Call Vados they always have done me good.


----------



## falbinki (Dec 20, 2008)

to late i already ordered . in the mean time i will just have to buy 35 maggots for $3.20 at gander mt. what a rip off no one has bait around here.


----------



## ParmaBass (Apr 11, 2004)

I just got 100 maggots from Gander for $1.99. I was pleasantly surprised and it seems like a pretty good deal to me. They came in a styrofoam container. Just for kicks, here's a pic


----------



## Pikedaddy (Jul 20, 2005)

I just put in my order to Vados, I got 1000 red and 1000 orange for about $22.00 with shipping. I am hoping that that will last me through the season.
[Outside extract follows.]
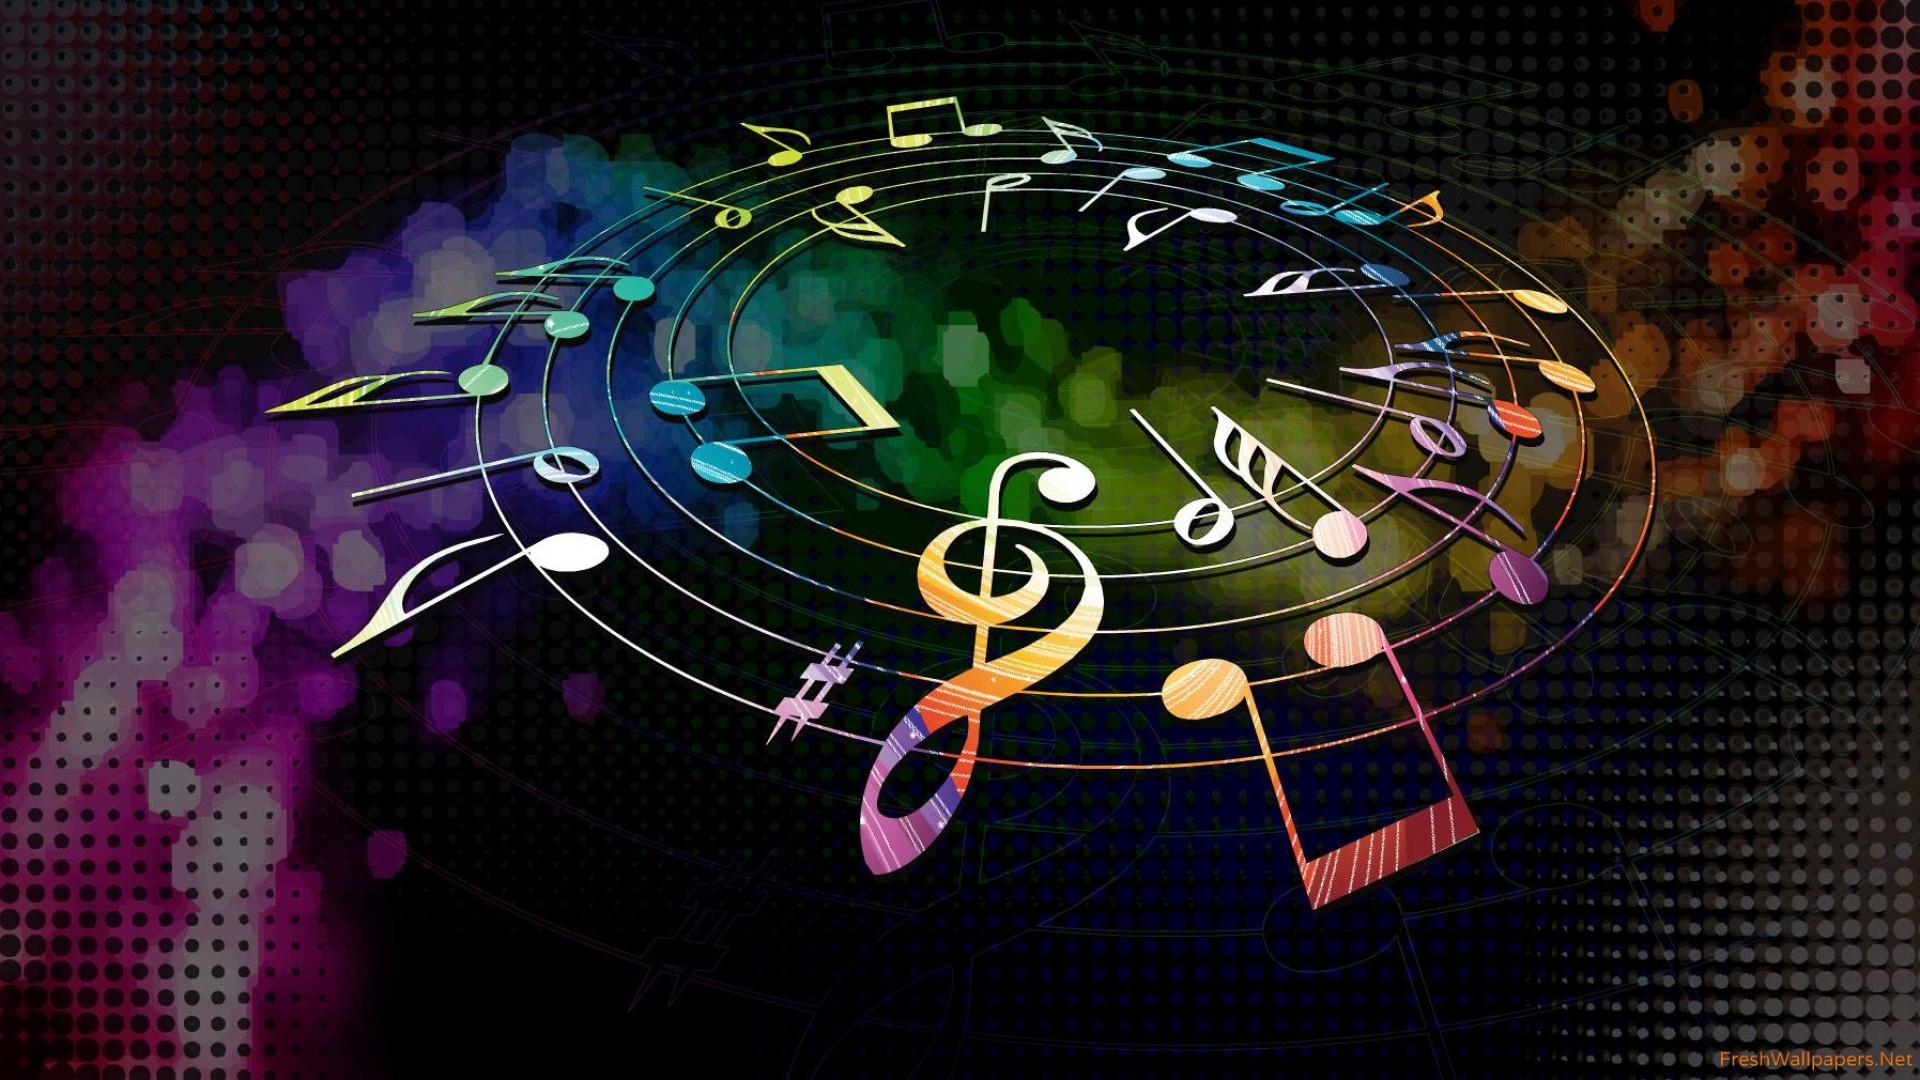 Colorful musical notes wallpaper

You cant beat it 9.00 for 1000 any color . Hope to see you guys out on the ice soon.


----------



## hardwaterfan (Apr 6, 2004)

fyi, i ordered from jada on 12-11 and it arrived today, 12-19. all the little fellas look really good except for some of the waxies look a little dark, but theyve been ejected already. ive noticed theyve been "talked up" quite a bit around the net...im sure they got crushed with orders.

2010: ordered 12-10, arrived 12-23

2011: no order, no promising 10 day....lasted all season. did not ice fish one single time.

2012: no order due to non-fishing related "issue". first ice this year is New Years day (1-1-13). 3" average or so.

2013: ordered 250w/500m 12-10 "D" day.....arrived 12-21, just in time for 63 degree warm up and no ice.


----------